On the set of Red Beard
Kurosawa on the set of Red Beard (1965) with leads Toshirō Mifune and Yūzō Kayama

So long was the film’s production period that before Red Beard went on wide release, altogether four other films had been put into production that bore Kurosawa’s signature. Kinji Fukasaku’s Jakoman and Tetsu (Jakoman to Tetsu) was filmed from Kurosawa’s screenplay, while Kurosawa himself produced Sanshiro Sugata, a remake of his first film and its sequel, filmed and released partly to cover the costs of making Red Beard. Meanwhile, the American film The Outrage and the Italian A Fistful of Dollars premiered overseas, with the former a western based on Rashomon and the latter a spaghetti western by an upcoming talent Sergio Leone based on Yojimbo. As the Italians had made their film without permission, a lawsuit was launched against the producers and the film’s director. The case was ultimately settled out of court, with Kurosawa and Toho reportedly receiving a portion of the Italian film’s worldwide box office.

Red Beard premiered on April 3, 1965 and once again provided Kurosawa Production and Toho with a commercial hit, as the film become the year’s highest grossing Japanese film. Just like the audience, Japanese critics responded extremely well to the work, and it remains one of Kurosawa’s best known and most loved in the country. Internationally, critics have been more divided, with most commentators praising its technical merits as perhaps Kurosawa’s technically most complete work, while others insisting that it lacks true complexity and genuine narrative power.
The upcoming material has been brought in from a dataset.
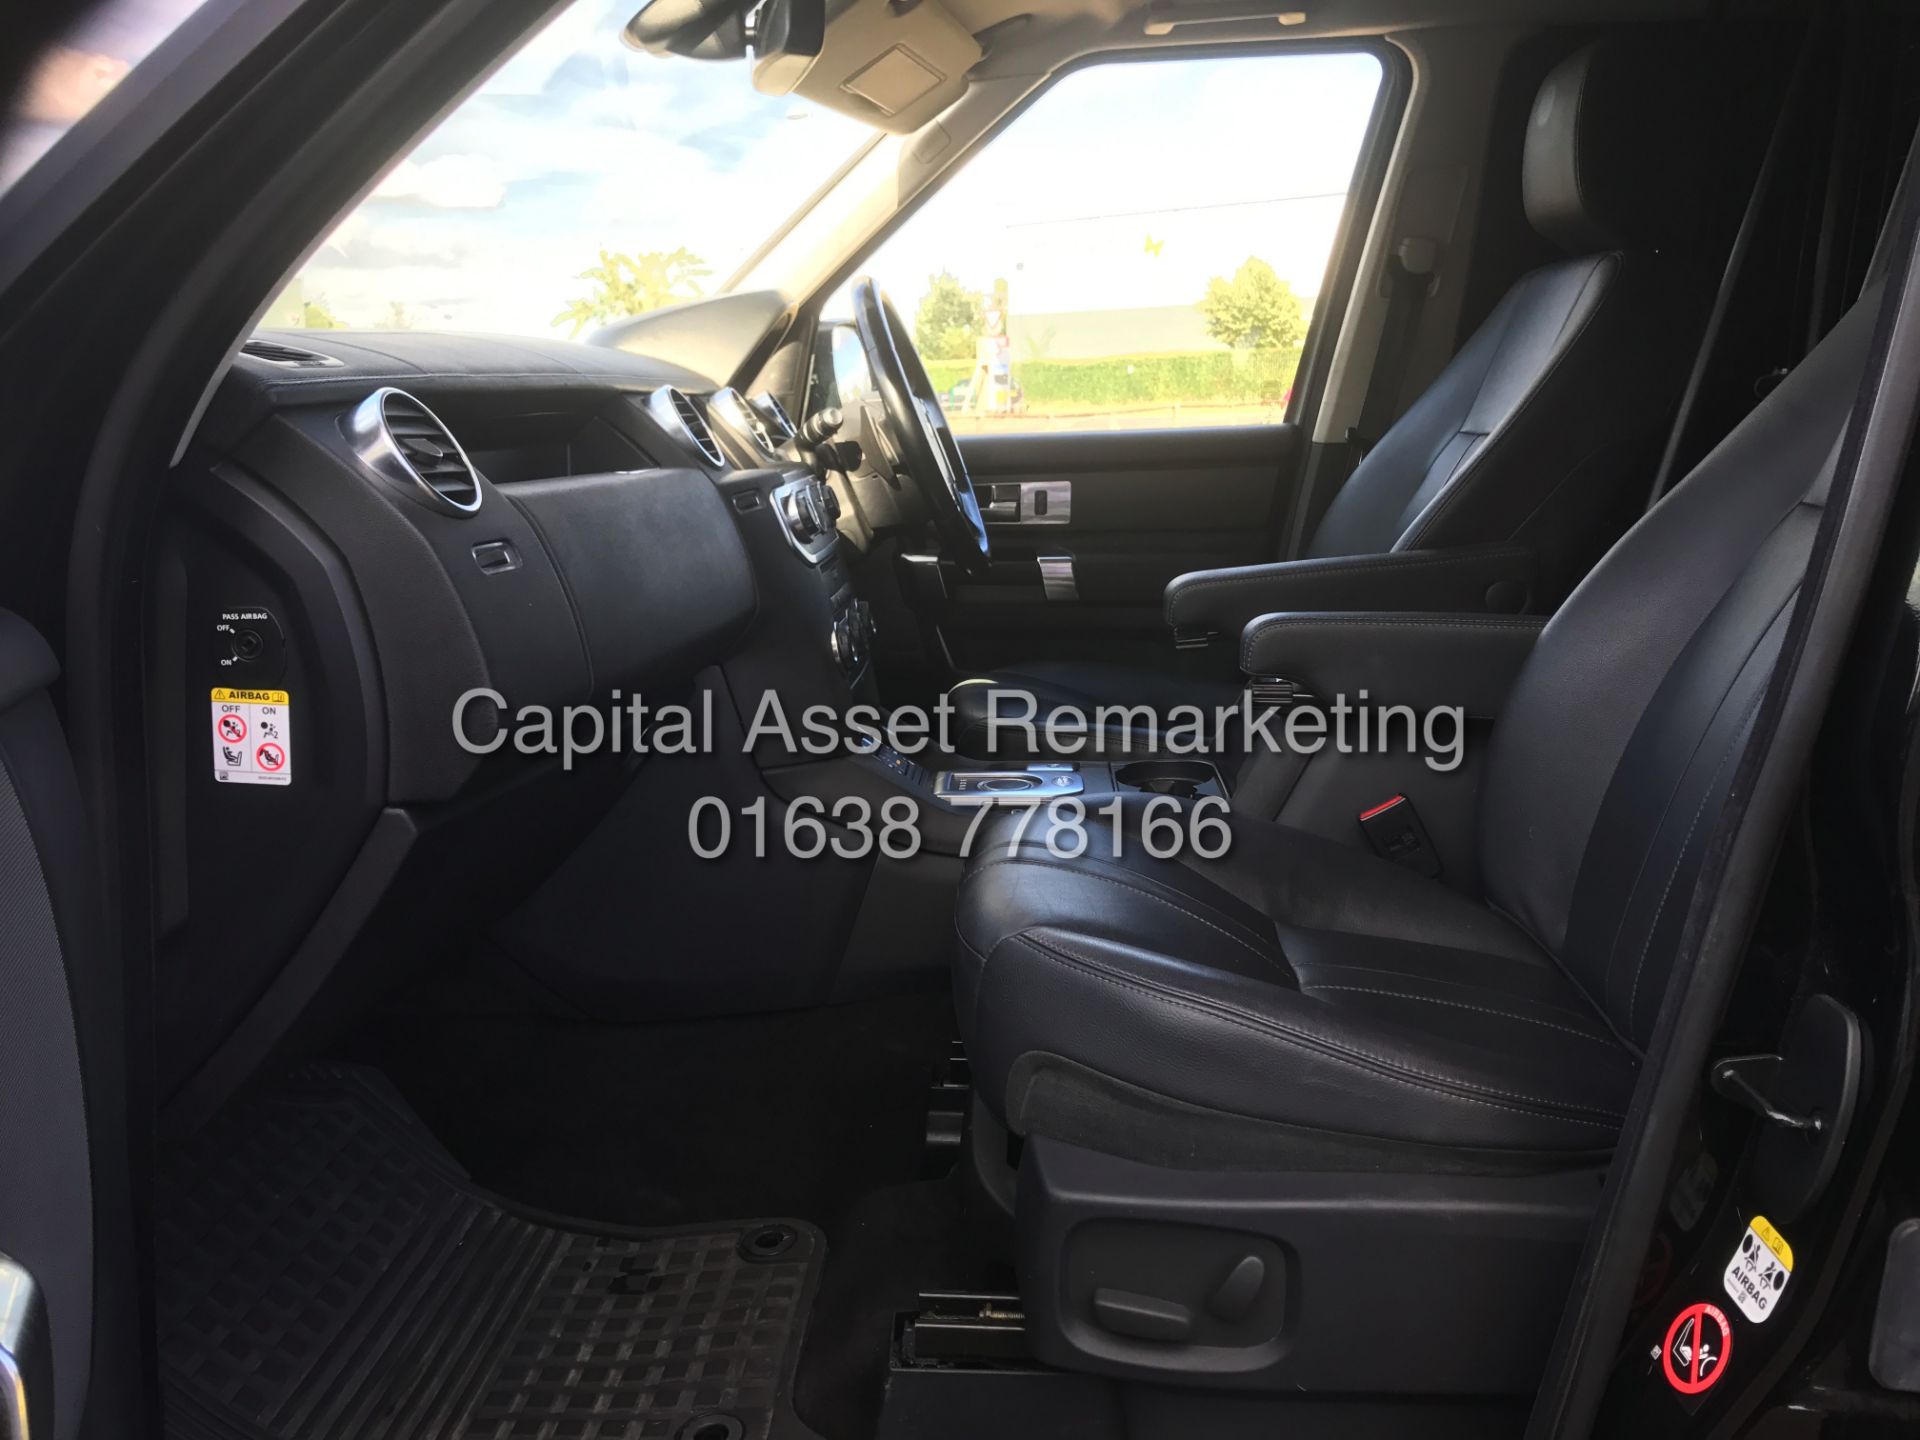 ON SALE LAND ROVER DISCOVERY 4 "3.0SDV6 - AUTO"COMMERCIAL (2014 MODEL) HUGE SPEC - SAT NAV -LEATHER - Image 20 of 31

What most film critics agree on is that Red Beard marks something of an end of an era for Kurosawa. The director himself recognised this at the time of the film’s release, telling film critic Donald Richie that a cycle of some kind had now come to an end, and that his next films and production methods would be different. Although unknown to Kurosawa at the time, his prediction proved very accurate. Large changes would indeed be taking place, and the director would never enjoy the same kind of almost unrestricted financial freedom and critical and commercial success that he had for the past fifteen years.

As an example of this, Red Beard approximately marks the midway point in the director’s career, and he had by now directed altogether twenty-three films in twenty-two years. In contrast, during the remaining twenty-eight years of his career, Kurosawa would have the chance to make only seven films. For reasons never fully explained by any of the involved parties, Red Beard would also be Kurosawa’s last work with actor Toshirō Mifune, the director’s leading man for most of his career, ending one of the most famous director-actor relationships in the history of cinema.